Sempre, aos domingos, começava os meus textos com uma oração. Já faz quatro ou cinco semanas que não faço isso. Hoje, termino o dia com um poema de fundo religioso. Foi feito à tarde, em Lajedo. Minhas filhas Carolina e Vitória brincavam alegremente e eu tinha na cabeça os versos de "Chão de Giz", de um poeta paraibano chamado Zé Ramalho. O título parece coisa meio policial, mas foi de propósito, para chamar a atenção.

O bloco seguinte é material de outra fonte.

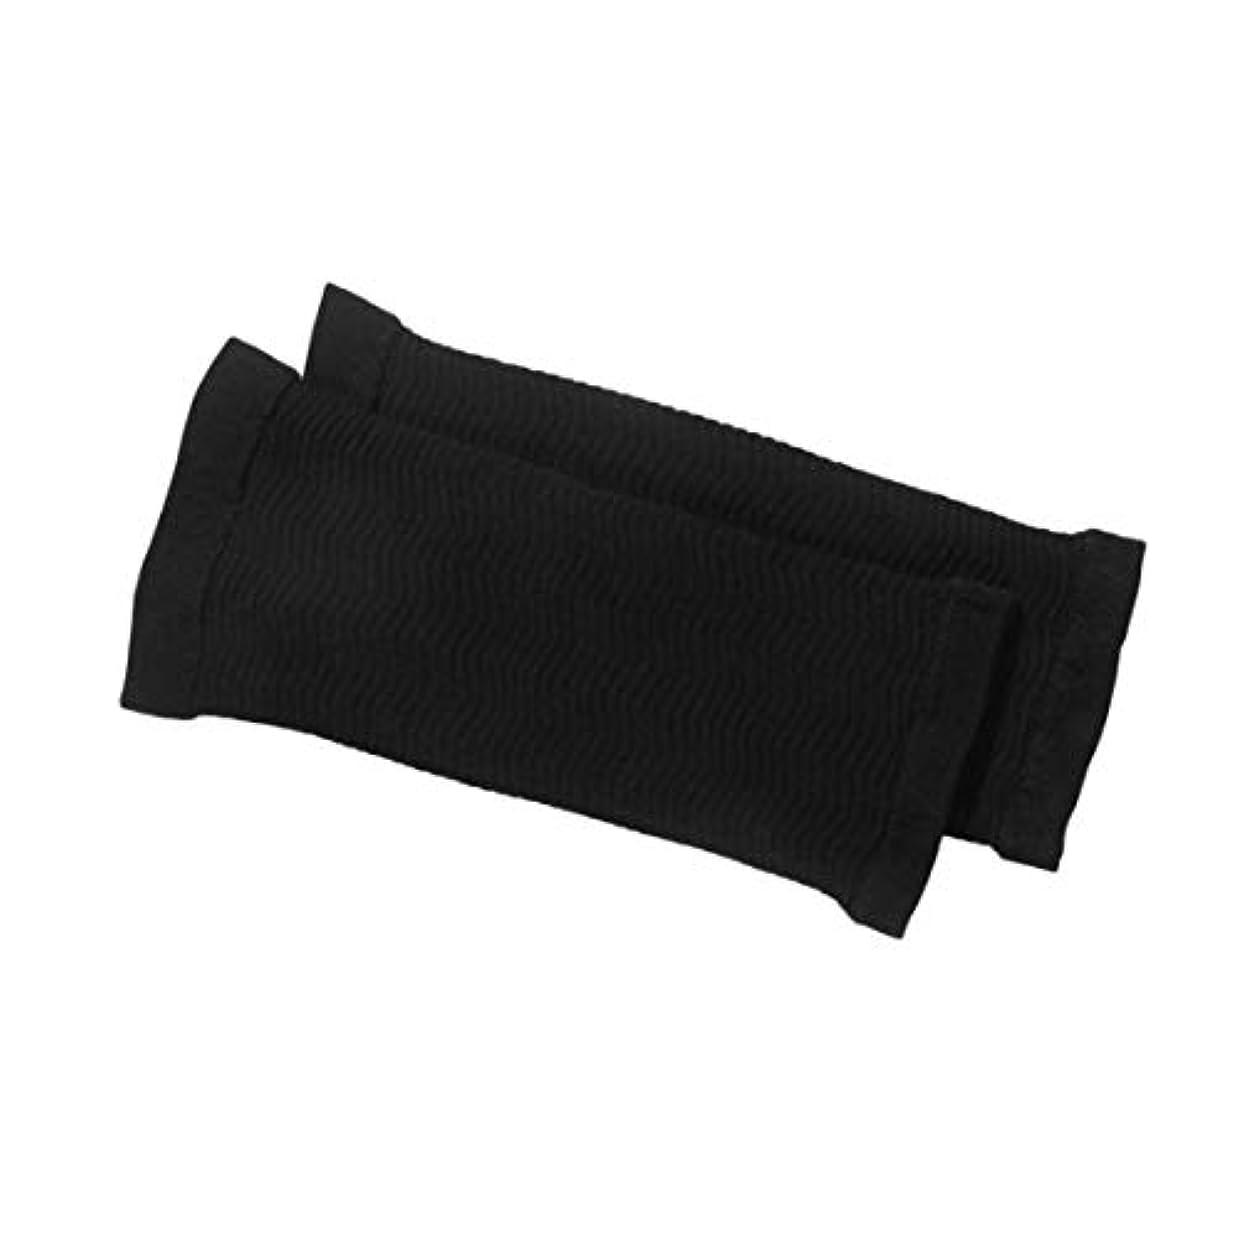 並外れて喜ぶ仕方1ペア420 D圧縮痩身アームスリーブワークアウトトーニングバーンセルライトシェイパー脂肪燃焼袖用女性 - 黒

INVESTIGAÇÃO A RESPEITO DO QUE CHAMAM DEUS

O celular e a internet
não conseguem conectar
a gente com Deus.
Ele não se mostra na TV aberta
- a televisão dos pobres -,
nem na TV fechada, a cabo,
- a televisão dos ricos -.
É possível sentir a presença do Criador
na Igreja Universal, na Assembleia de Deus,
na Renascer do jogador Kaká,
entre os Adventistas do Sétimo Dia,
os presbiterianos, os batistas, os mórmons,
as Testemunhas de Jeová, os católicos,
os budistas, os islâmicos, os espíritas?
Todos os caminhos levam a Deus?
Ou só um deles está com a verdade,
mais próximo do Pai?

Fernando Pessoa,
o genial poeta português,
via Deus na natureza, nos cumes,
nos mares, no sol, nas estrelas, nos campos,
chamando cada um deles pelo seu nome
e não por Deus.

Acredito que cada partícula do universo,
os átomos, neutrons, protóns,
células, moléculas, microorganismos,
pássaros, girafas, leões, cavalos,
macacos, humanos,
são parte desse Deus de Alberto Caeiro
(uma das facetas de Pessoa).

Cada pedacinho do cosmo é Deus.
E tudo somado também é Deus.
A sensação do divino está no orgasmo
simultâneo de um homem e uma mulher
que verdadeiramente se amam.
Nos versos do poeta.
Na criação de artistas como Da Vinci
na música erudita de Mozart e Beethoven
e também dos compositores populares.

Tudo outra vez, de Belchior
Chão de Giz, de Zé Ramalho
Onde Deus possa me ouvir, de Vander Lee
Cálice, de Chico Buarque
Força Estranha, de Caetano
Pastora do Tempo, de Ednardo
A Deusa da Minha Rua, de Newton Teixeira/Jorge Fara
El Dia que me queiras, de Carlos Gardel/Alfredo Le Pera
Chão de Estrelas, de Silvio Caldas/Orestes Barbosa
A força que nunca seca, de Chico César
Dia Branco, de Geraldo Azevedo
É Preciso, de Gonzaguinha...

São exemplos de canções capazes de despertar
nas pessoas a sensação do divino.
Essas obras não devem
ter sido geradas por um fenômeno tipo o Big Bang.
Nasceram de um sentimento
que veio lá de dentro,
de uma parte da mente
que os médicos e cientistas
ainda não conseguiram desvendar.
Nasceram do mistério,
de um momento mágico
em que o artista não foi só razão.
Ele estava sintonizado ou conectado
com o Cosmo, o Universo, o Orgânico,
o espiritual, o contraditório, o paradoxo, a beleza,
produzindo um ato de amor.
Isso aí chamam Deus.
Como as partículas invisíveis,
as árvores frondosas
as hortênsias do jardim lá de casa,
o movimento delicado dos recém nascidos
(bebês humanos, gatos pequeninos, cachorrinhos,
são igualmente graciosos).

O escritor, o ator, o artista plástico,
o artesão, o repentista, o marceneiro,
o camponês que planta, colhe,
a mãe que amamenta,
são todos seres a praticar
atos inspirados por Deus.
Que pode eventualmente
estar desconectado do mundo virtual
ou ausente de uma dessas igrejas.
Mas está no todo, nos pequenos gestos,
na vida que flui desde o início
e que só findará quando não houver mais Deus.